The main purpose of measuring dendrites is to study the dendrites growth. It is characteristic of the neuronal activities, and therefore of the neurons capacity to connect with each other. In fact, dendrites are capable of creating multiple connexions with different neurons at the same time. In order to do this they have to extend and/or shorten.
Biologists are interested to know which proteins extend or shorten the dendrites. Those proteins are in the dendrites, so we can indirectly see the dendrites because fluorophores are attached to the studied proteins.
Then, by measuring the dendrites length we can know if a type of protein is responsible for extending or shortening the dendrites.
There is a high interest in knowing how the extension of the dendrites works because it could greatly increase brain deceases knowledge.
The tracking techniques are the basics of the algorithm. Starting from a given point, they iteratively search for the next point in the dendrite.
Beyond the manual technique, which is the one currently used by the biologists, the box and the integrals techniques are the algorithms which were implemented and tested.
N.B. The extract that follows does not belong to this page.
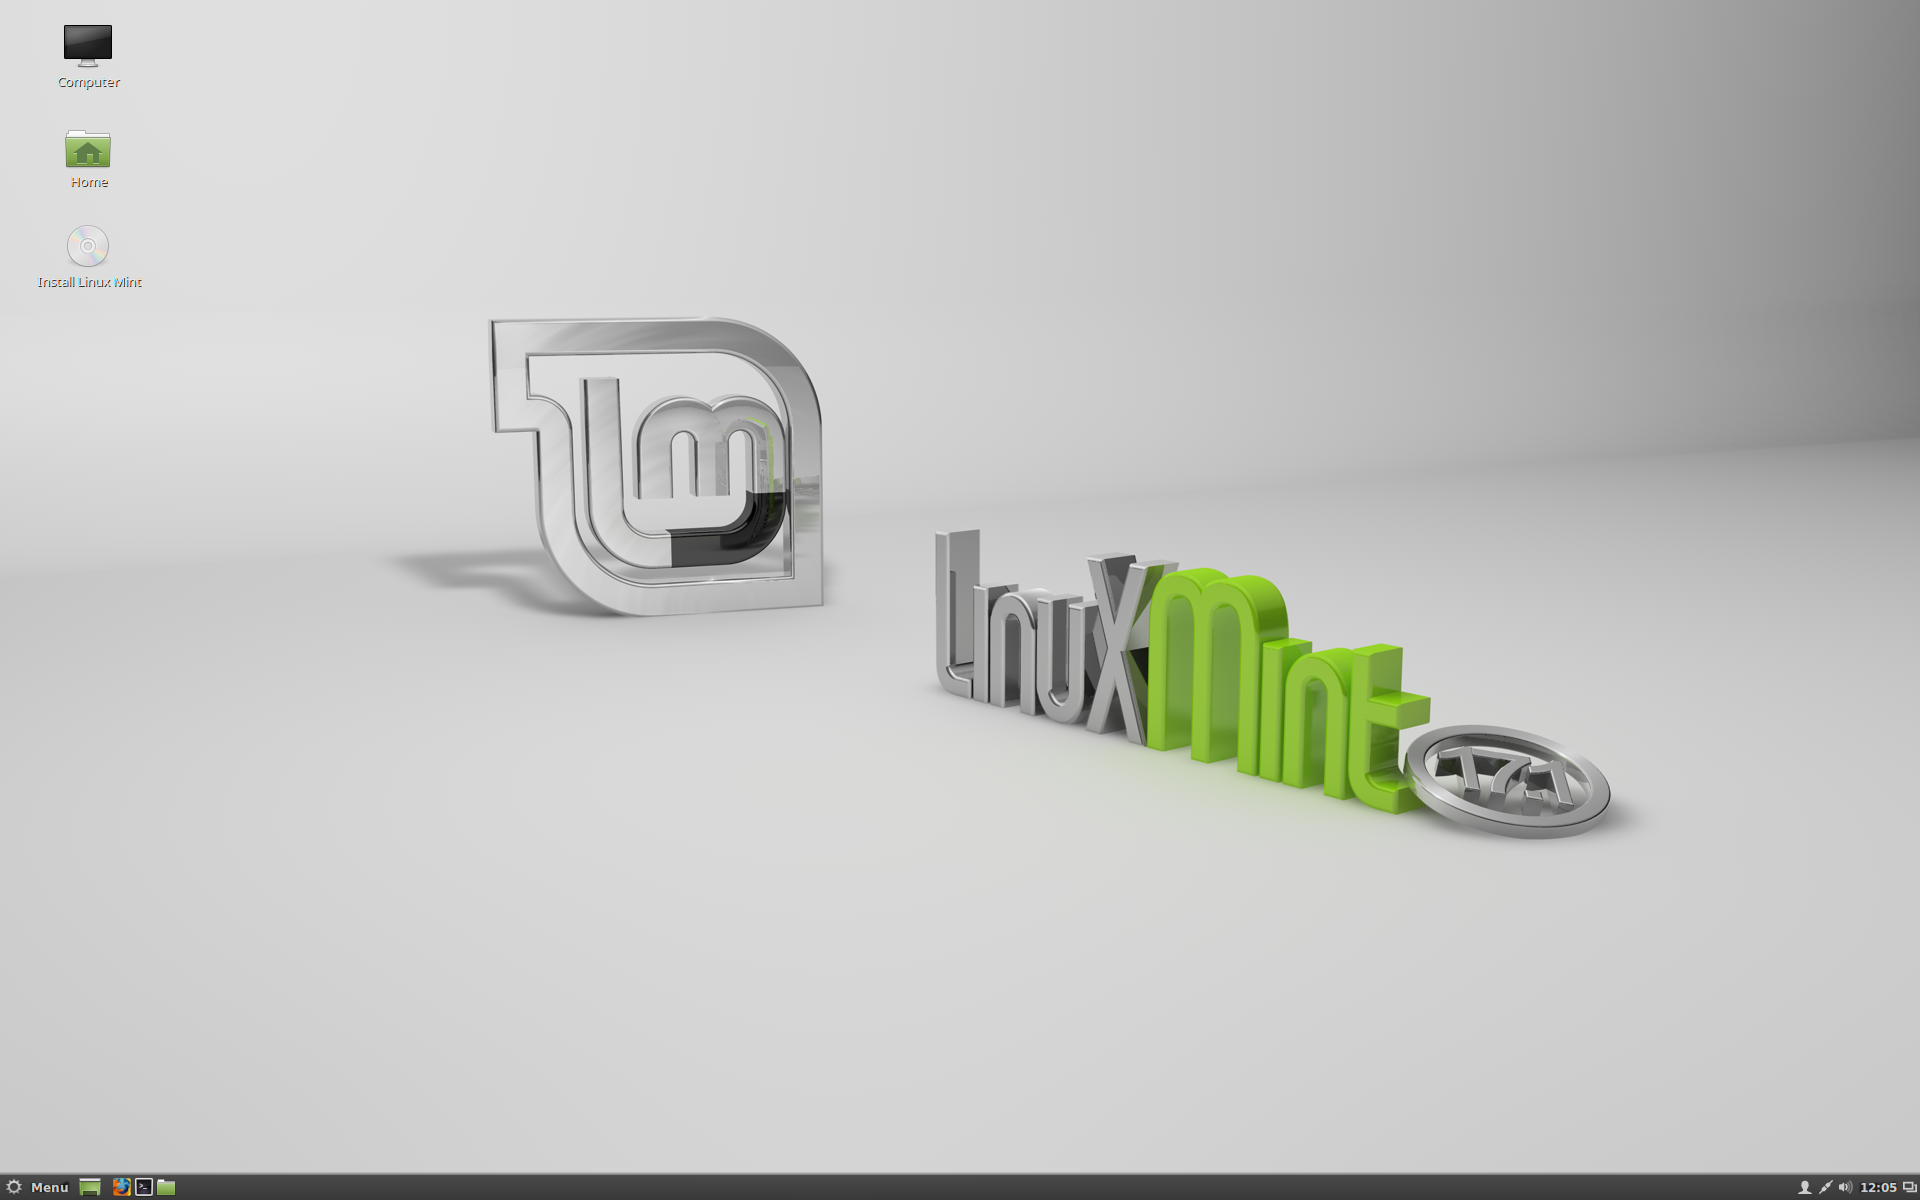 Tämä on Linux Mint 17.1 Cinnamon, koodinimi Rebecca

Both tracking algorithms are working relatively well and fast. The Integrals technique is the most accurate but slower than the box technique.
However, there remain some points to improve as was said in section 4.2. The main point to improve in the code is the problem with the neurons core, which increase artificially the dendrite total length.
To reduce the false detections, the pre-processing should be improved to increase the difference between the background pixel value and the neuron pixel value.
This algorithm cannot be used now by biologists since the parameters are too long and to complicated to set. The pre-processing and image parameters analyse should be automated, so the only parameter would be a starting point.
In this case biologists would only have to suppress the false detections, which is done very quickly when you know which length you are looking for.